Thanks David -- I did try two versions of that method: one where I did a curves adjustment that brought out the stars and crushed everything else to black, and one that just boosted everything (including the noise floor). Neither worked (cpfind found no points at all, which was even worse than before). I tried true 1bit as you suggest and hugin said it didn't support 1bit and suggested greyscale, so I converted the 1bit images to 8bit greyscale. None of the cpfind methods I tried with that found any CPs.

Also, I don't recall if you mentioned this earlier. Do you do noise reduction on your images before pulling them into Hugin?

No -- since the reason for the stack is that I intend to do a gmic median_image for the purpose of noise reduction I didn't want to do any per-image NR. Would it help for CP-creation? My experiment described just above seemed to imply it would not (since the first curve adjustment effectively removed a lot of noise.) I.e. it seems like the only way cpfind is finding anything at all is by matching subtle variations in the darker areas.

How would -starfield mode define what a "star" is? A threshold of brightness, size, what?

I confess cluelessness, but it seems like cpfind is not designed to look for little bright points in a dark field. but rather to match more textural image areas. Even on the stack that worked, half of the control points it found were in the ~black areas (though I assume it was still using the nearby stars to locate the CP) and there were plenty of CPs that were obviously wrong, where "obviously" is defined as a human looking at stars. :-) Meaning the CP is clearly not just using bright, contrasty points to make decisions. (Which makes sense, since it's not an astronomical imaging tool.)

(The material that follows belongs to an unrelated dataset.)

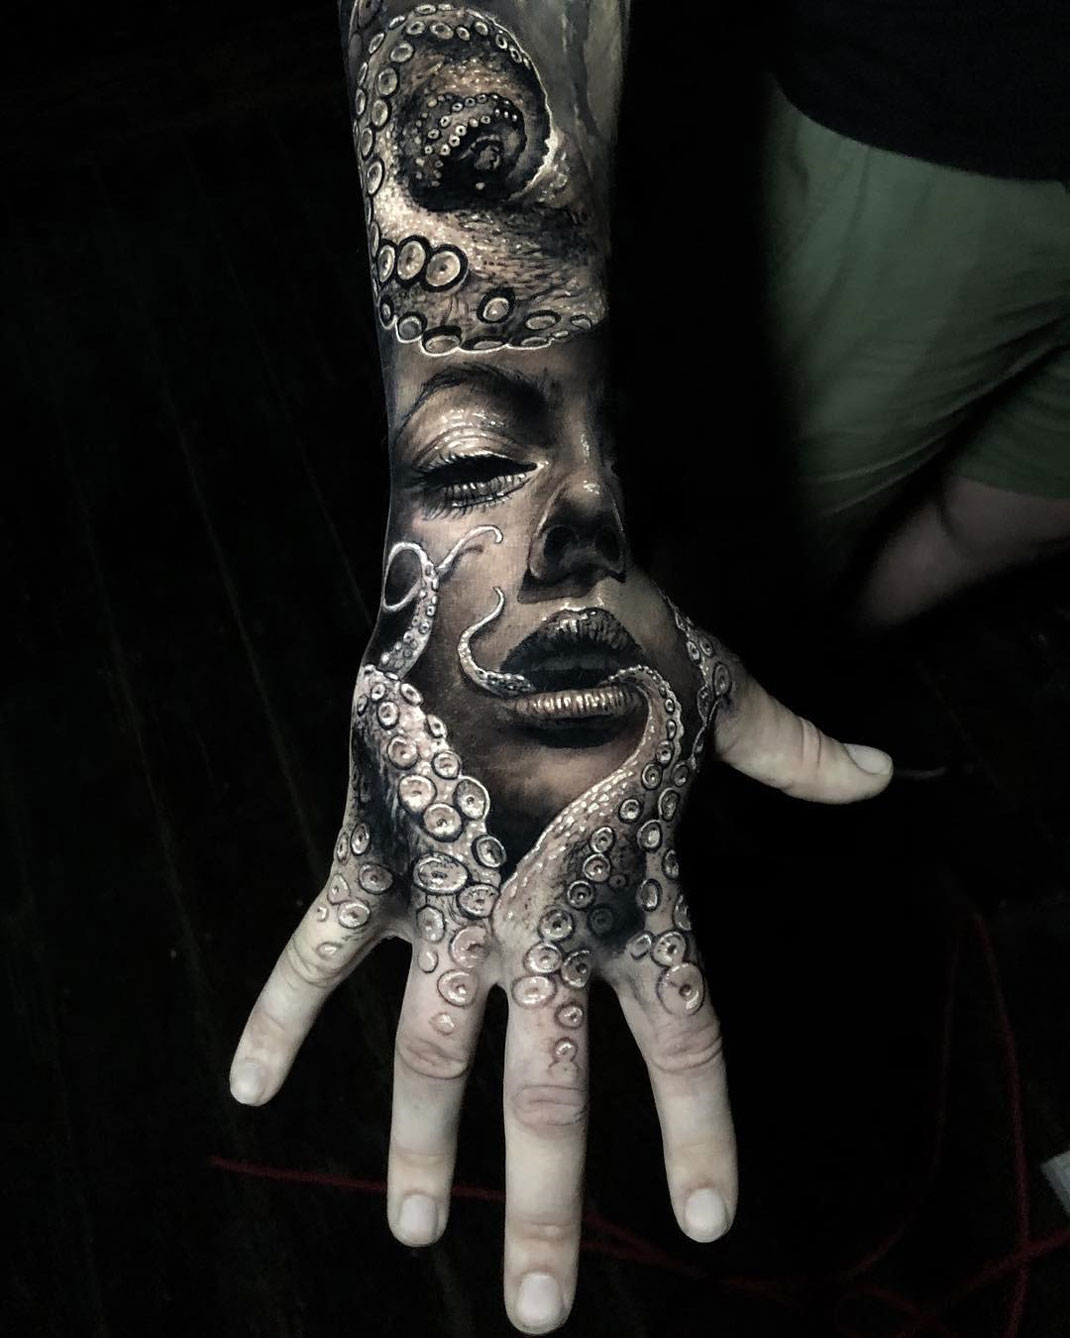 Portrait & octopus hand tattoo

It seems like a "dumb" version of cpfind could be told to just find stars, defined as less than X pixels in diameter and with a certain degree of contrast to the background (or even just a brightness threshold as you describe).

I'm sure the author(s) of cpfind don't want to create a special algorithm for every type of image in the world, but it seems like star field alignment is common enough application that it might make sense. And since it seems so hard to make cpfind do it (see above thread), and since it seems like it "should" be among the most simple kinds of alignment to do, that maybe it's a good suggestion? Or maybe it just belongs in a different CP tool altogether.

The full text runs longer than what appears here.